■ Required work
Among the lines below, output only those between the line holding "Dimple Dot Minky" and the line holding "Tod's Woven Leather", inclusive, exactly as written and with no pictures.

■ Supplied data
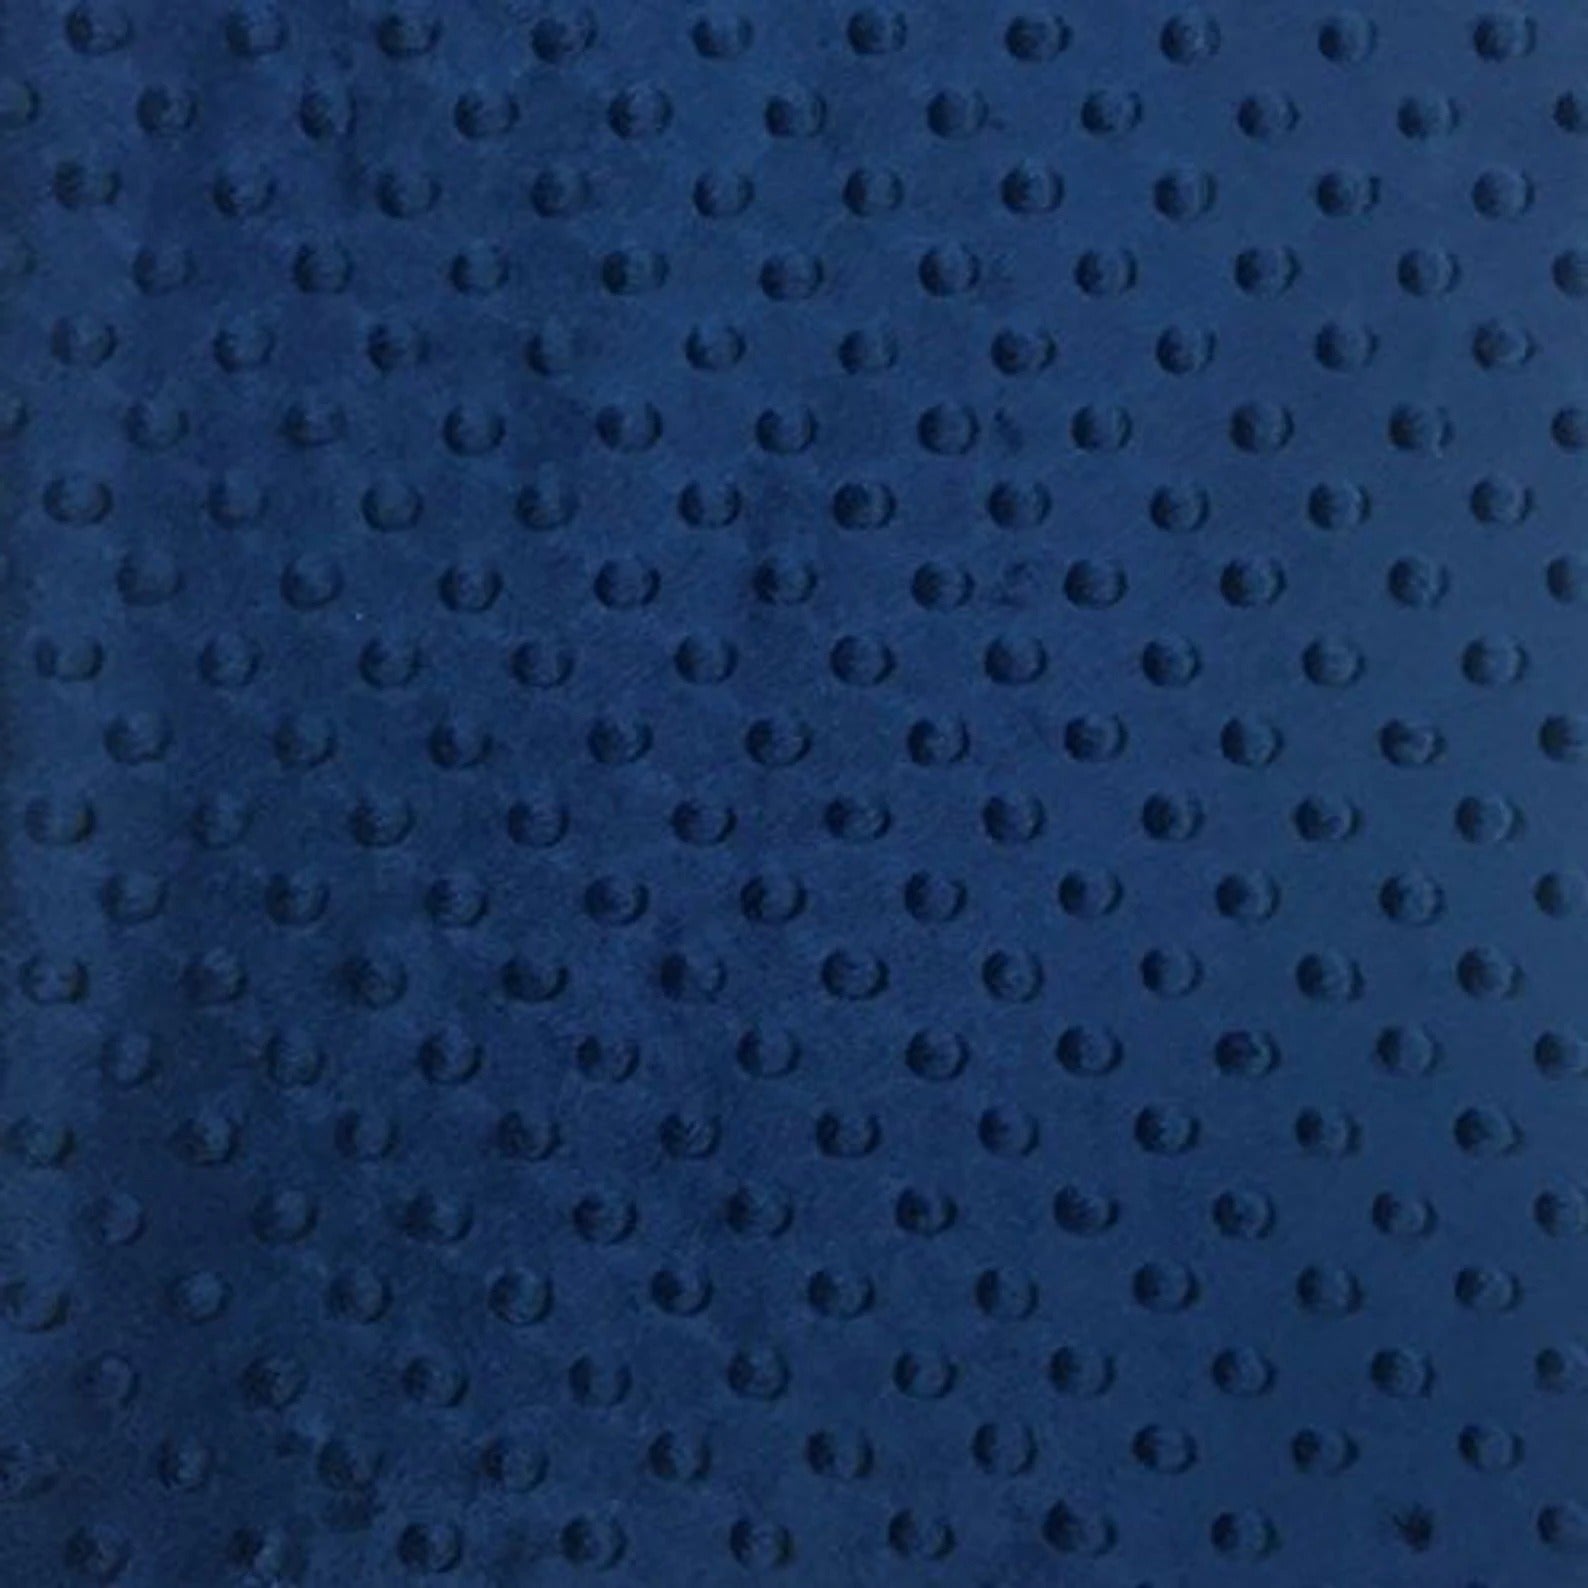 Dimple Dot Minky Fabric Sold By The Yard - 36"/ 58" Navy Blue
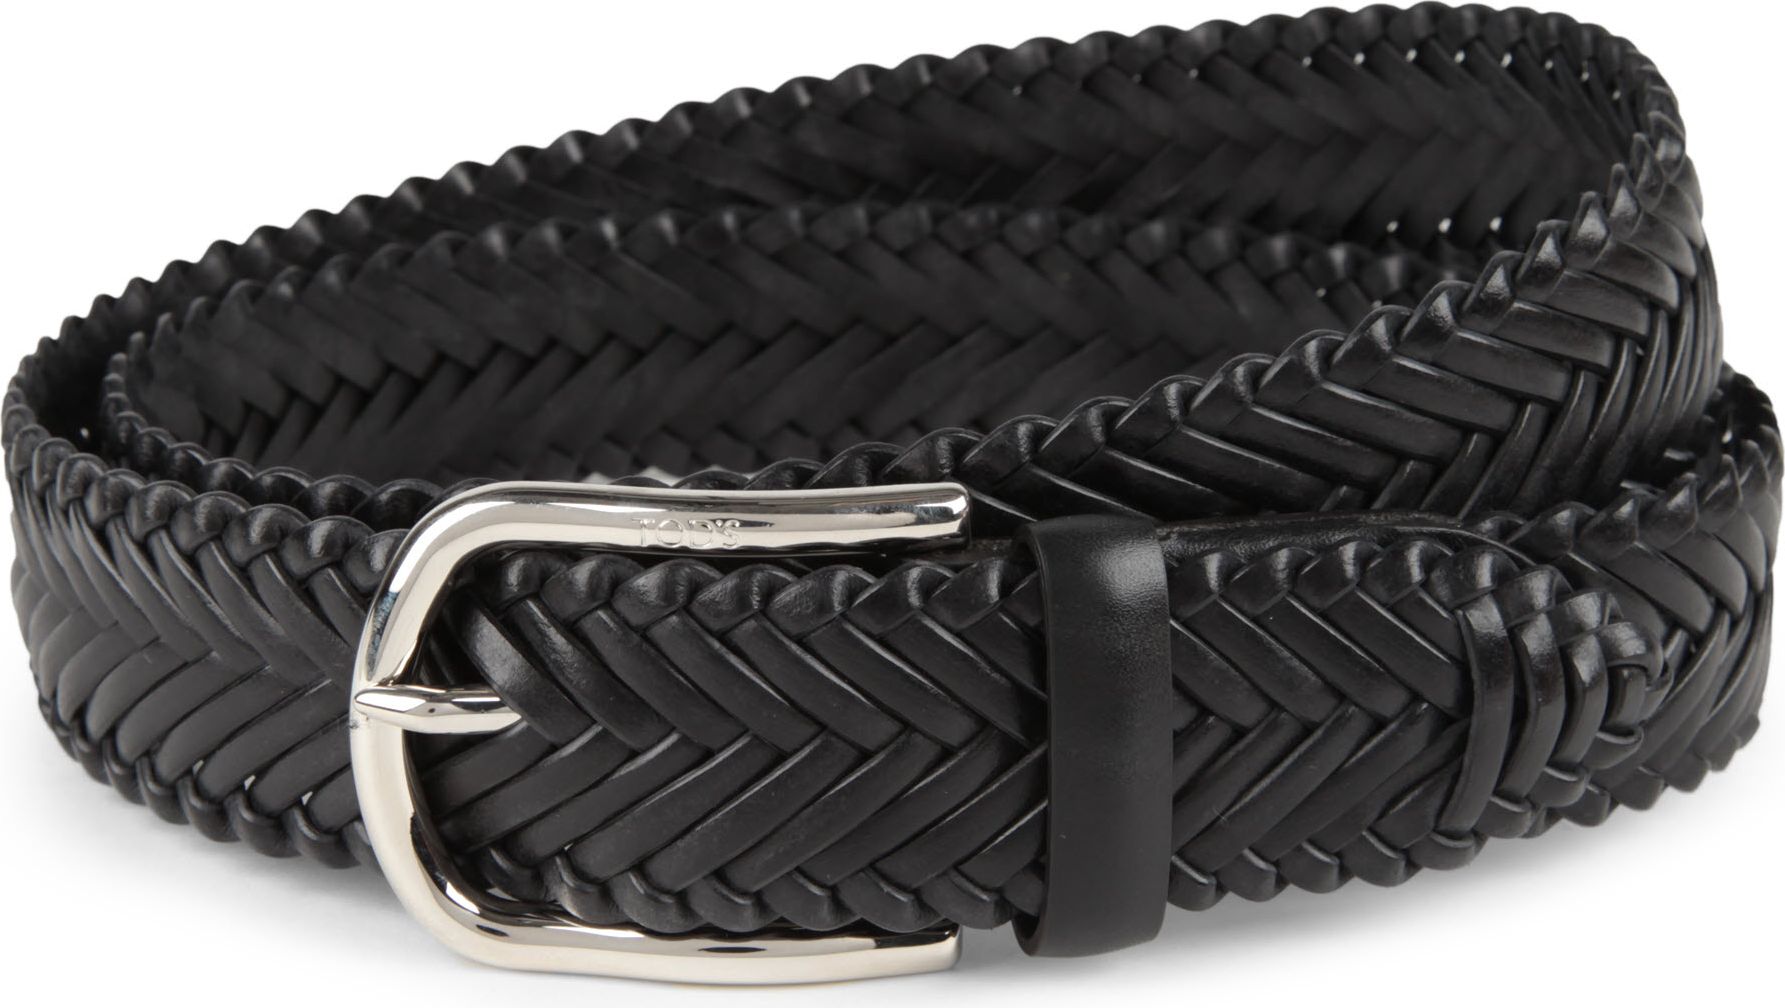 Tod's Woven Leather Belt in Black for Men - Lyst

* * *

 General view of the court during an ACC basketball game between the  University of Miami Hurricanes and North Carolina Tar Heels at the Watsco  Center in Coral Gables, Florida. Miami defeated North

==

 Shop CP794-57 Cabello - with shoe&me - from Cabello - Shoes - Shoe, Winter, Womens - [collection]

■ Response box
 Dimple Dot Minky Fabric Sold By The Yard - 36"/ 58" Navy Blue
 Tod's Woven Leather Belt in Black for Men - Lyst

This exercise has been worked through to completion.